Moreover, GEAR recommended greater labour
market flexibility, possibly via a two-tier system involving the
deregulation of certain categories of semi- and unskilled work and
the exemption for small business from provisions of the new labour
legislation. Also envisaged was a "social accord" whereby wage
restraint from organized workers would be rewarded with a commitment
to price restraint from organized business. All this in a labour
market that the International Labour Organisation itself recognised
as already extremely flexible, characterised by wide wage
fluctuations, and where even large-scale firms resort to
subcontracting, outsourcing and the use of casual labour. Finally,
the demand-driven characteristics of economic growth were
substantially emasculated by GEAR. Conversely, the RDP's residual
focus on redistribution and job- creation lost entirely its nature of
independent and priority field of government intervention and it
rather came to depend on business' international competitiveness and
the performance of domestic and foreign corporate investors.
These shifts were already noticeable in
immediate post-RDP economic policy documents. These redefined the
RDP's emphasis on "meeting basic needs" as a strategy played at a
rhetorical level to generate consent and contain some social
consequences of poverty without eliminating the structural causes of
poverty. GEAR was then not a rejection of the RDP, but the
confirmation with a remarkable consistency of a neoliberal
orientation already present, albeit in a more nuanced way, inside
the RDP.
As ANC's Rob Davies, former chair of the
parliamentary Finance Committee, recognized, there was no guarantee
that the implementation of all the prescriptions of GEAR would lead
to the desired macroeconomic outcomes. The whole process rather
depended on the capacity of GEAR's measures to generate "confidence"

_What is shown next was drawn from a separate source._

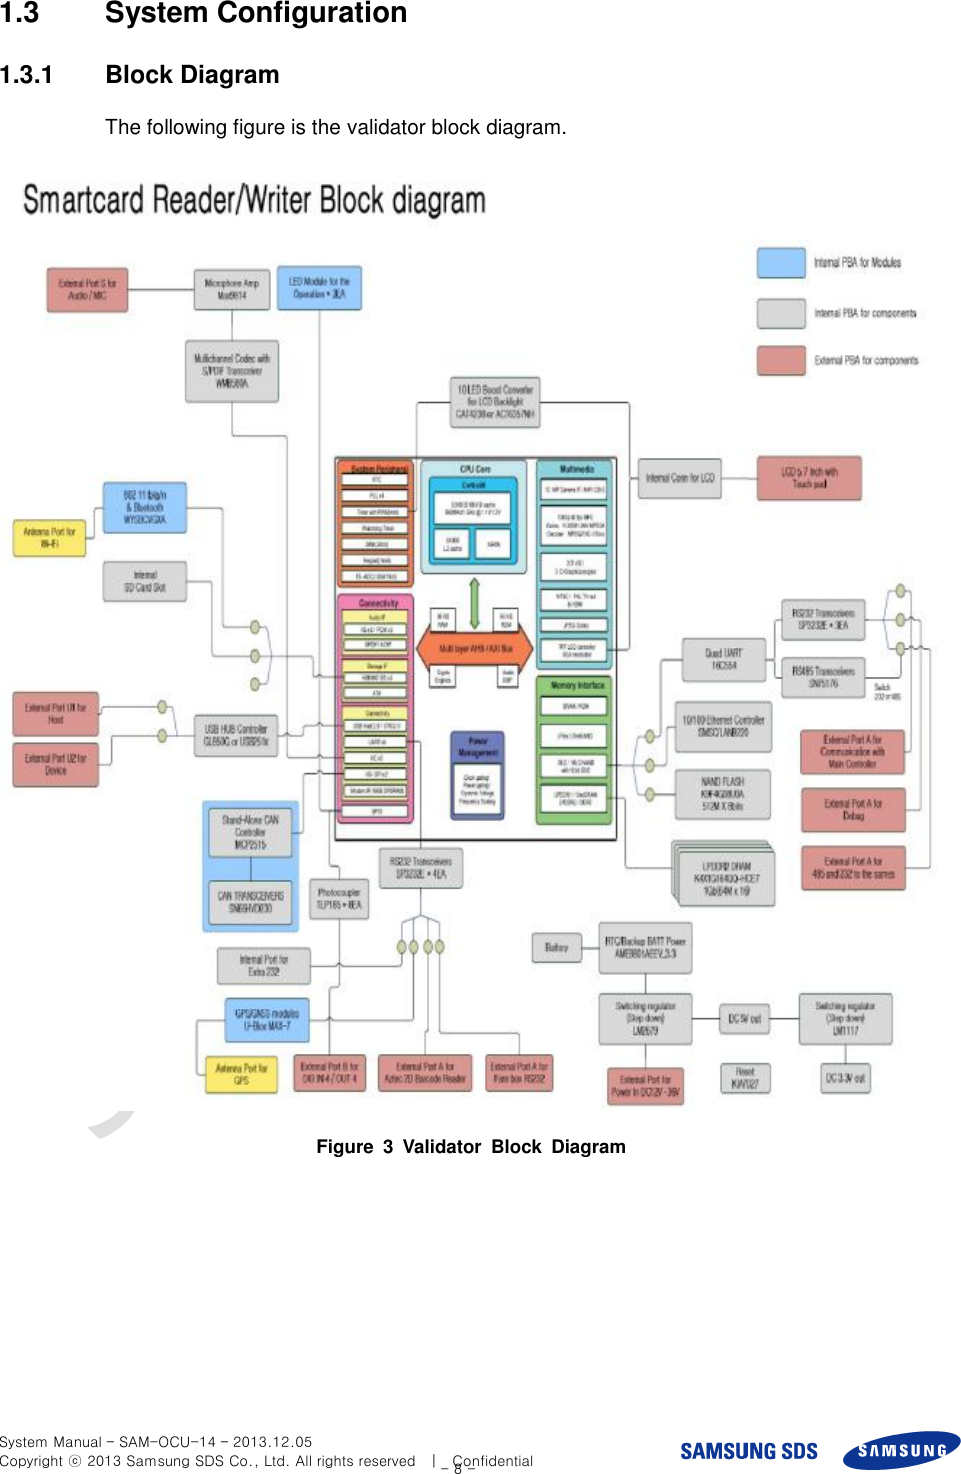  System Manual – SAM-OCU-14 – 2013.12.05 Copyright ⓒ 2013 Samsung SDS Co., Ltd. All rights reserved    |    Confidential - 8 - 1.3  System Configuration 1.3.1  Block Diagram The following figure is the validator block diagram.  Figure  3  Validator  Block  Diagram

among domestic and foreign private investors. In other words, private
corporate profitability was recognised as the main vehicle through
which some sort of social delivery would take place, sooner or later,
without even indicating how this was expected to happen. The results
are telling indeed: more than 100.000 jobs lost during GEAR's first
year (GEAR promised 126.000 jobs gained), Gross Domestic Product dips
to -0.8 percent in the first quarter of 1997, inflation teeters at
9,9 percent, and new inequalities have enlarged with the enrichment
of a tiny layer of black corporate business. The only visible
"social" dimension of GEAR, and one of its main legitimizing motifs,
was job creation. However, the director-general of the Ministry of
Finance has recently come out with the astonishing remark that more
research is required into the link between economic growth and job
creation... But, it is worth stressing, GEAR is not an aberration: it
is rather a distillation of ideological predispositions that
gradually took hold within the ANC during the 1990s. If this strategy
will not be contested, business will get from GEAR's failure the
lesson that more fiscal discipline, more privatisations, more cuts on
public spending are required, and the real danger exists that they
will find increasingly receptive ears in the government.

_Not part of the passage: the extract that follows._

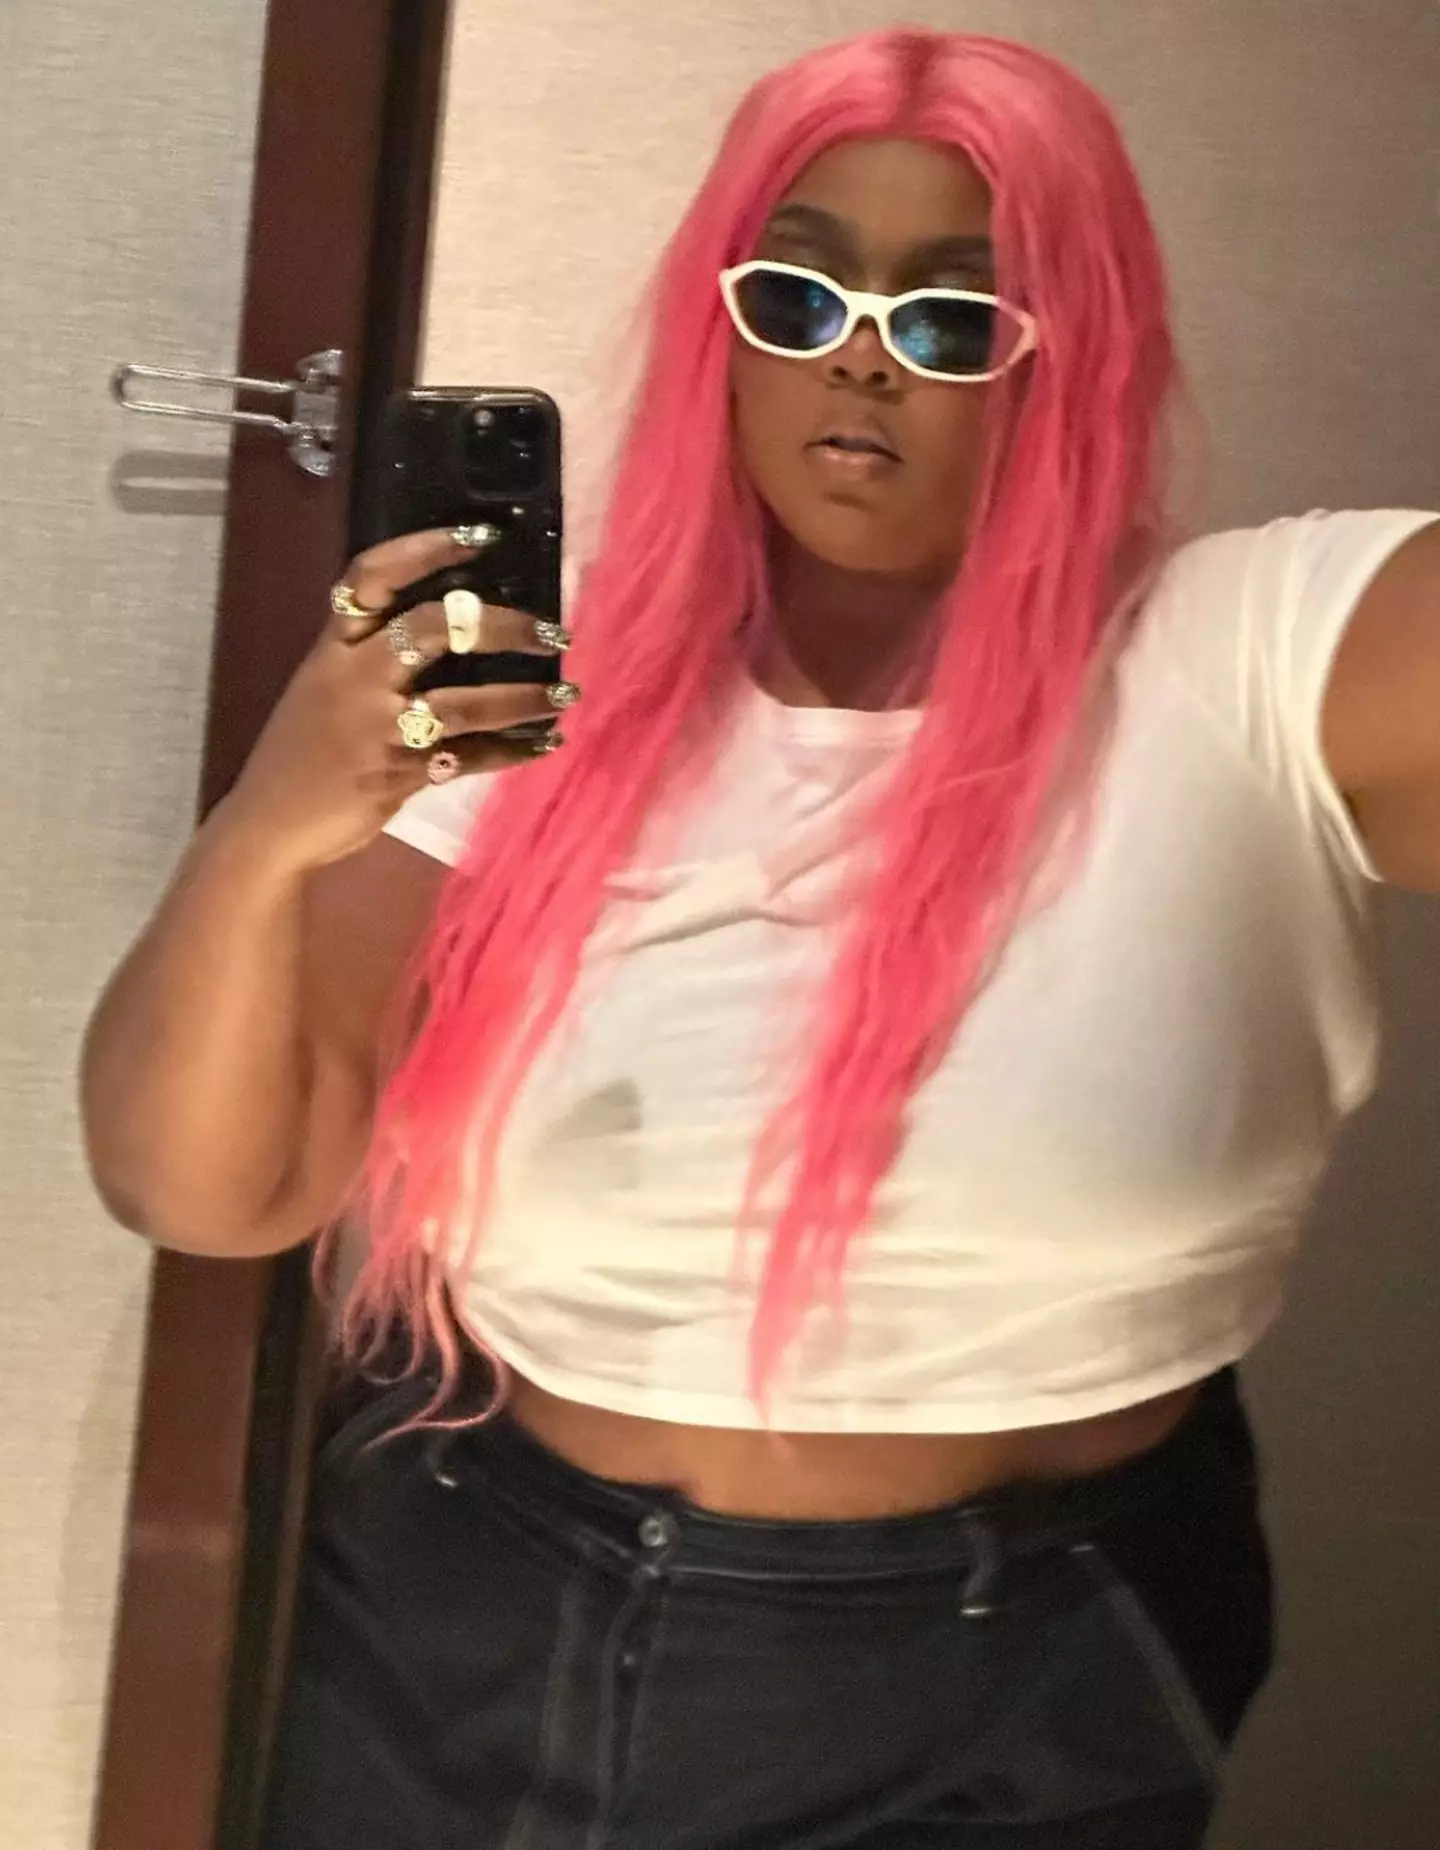 Lizzo spoke out against the troll comments she gets daily on social media.

All the social indicators have been
adversely affected by the performance of neoliberalism South
African-style. Provision of housing remains dependent on the
competitive advantages required by corporate developers, state
subsidies for the purchase of housing are available only for the most
marginal sectors of the market, and they remain largely inadequate.

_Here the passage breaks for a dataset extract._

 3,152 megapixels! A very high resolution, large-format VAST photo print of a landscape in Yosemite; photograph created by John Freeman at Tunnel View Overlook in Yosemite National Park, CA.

Notably absent are schemes for public housing construction, or for
subsidized rent, while the government does not oppose the developers'
"redlining" policies in many areas. Conversely, the issue was
addressed through very superficial forms of upliftment of urban areas
("pit latrines policies"), and through efforts to stop long-lasting
rent and tariff boycotts which subordinated urban redistribution to
largely ideological and rhetorical patriotist devices (the "Masakhane
campaign").
Processes of restitution and redistribution
of state-owned land do not affect the fundamentally "willing
seller-willing buyer" basis of the agrarian reform. Moreover, the
existing processes through which rural communities arbitrarily
dispossessed during apartheid can claim their land back do not
provide for any really empowering mechanism at the local, grassroots
level. As a result, the clientelist power of "chiefs" and traditional
authorities in claiming the land for their communities has often
increased.
Struggles for the transformation of tertiary
education have clashed with lack of funding and the impending cuts to
public subsidies due to the reduction of state involvement in the
sector. These arguments are used by old-style university
administrations to resist change in the composition of the student
body to make it more representative of the South African population,
redressing the plights of the formerly excluded. Moreover, this
obstacles workers and students' demands for a real change in working
conditions and study curricula. Rather, the position of the
privatisers of the university is reinforced; struggles against
privatisation, downsizing and retrenchments have been matched by high
degrees of repression as in the recent case of the COMSA trade union
at the University of Durban-Westville.
Recent changes to industrial relations
legislation explicitly posit a direct link between the end of
conflict and adversarialism at the workplace level and the
strenghtening of South African competitiveness in world markets and
in the global scramble for foreign investment. To this end,
flexibility, co-determination and worker participation are
encouraged. However this is pursued through a separation of
collective bargaining over wages and working conditions, which is
limited to the centralised level, and issues of productivity and
restructuring, delegated to supposedly "conflict-free" forums at the
workplace level. While no statutory duty to bargain exists in South
Africa, this separation fundamentally disarticulates the bargaining
power of workers on the shopfloor, and it weakens the union
leadership vis-a-vis business and government. A demonstration of this
was the discussions on the amendment to the legislation on basic
employment standards, whereby capital, supported by the government,
rejected union demands for a 40-hours working week and six months
maternity leave. This sparked a massive wave of protest culminated in
the 2 June general strike, and it led COSATU to question the
viability of tripartite centralised bargaining, without, however, an
alternative strategy clearly emerging.
Pressures on organized labour have recently
intensified. A 1996 ANC discussion document on "The State and Social
Transformation", produced inside circles close to the vice-President
and likely future President, Thabo Mbeki, warns the labour movement
to give up its "economistic" demands, reminding the relatively
"privileged" status of the waged workers and their obligations to the
developmental effort. At the same time, no similar obligations are
imposed upon capital; instead foreign investment is recognized as a
priority leverage for the development effort itself. As a matter of
fact, average manufacturing wages in South Africa are already at the
level of the low-income Asian economies. Finally, the allegedly
"privileged" position of the formal working class is questioned by
the existence of networks of income through which waged workers
support the huge pool of unemployed relatives condemned to
marginalisation or the precariousness of the informal economy.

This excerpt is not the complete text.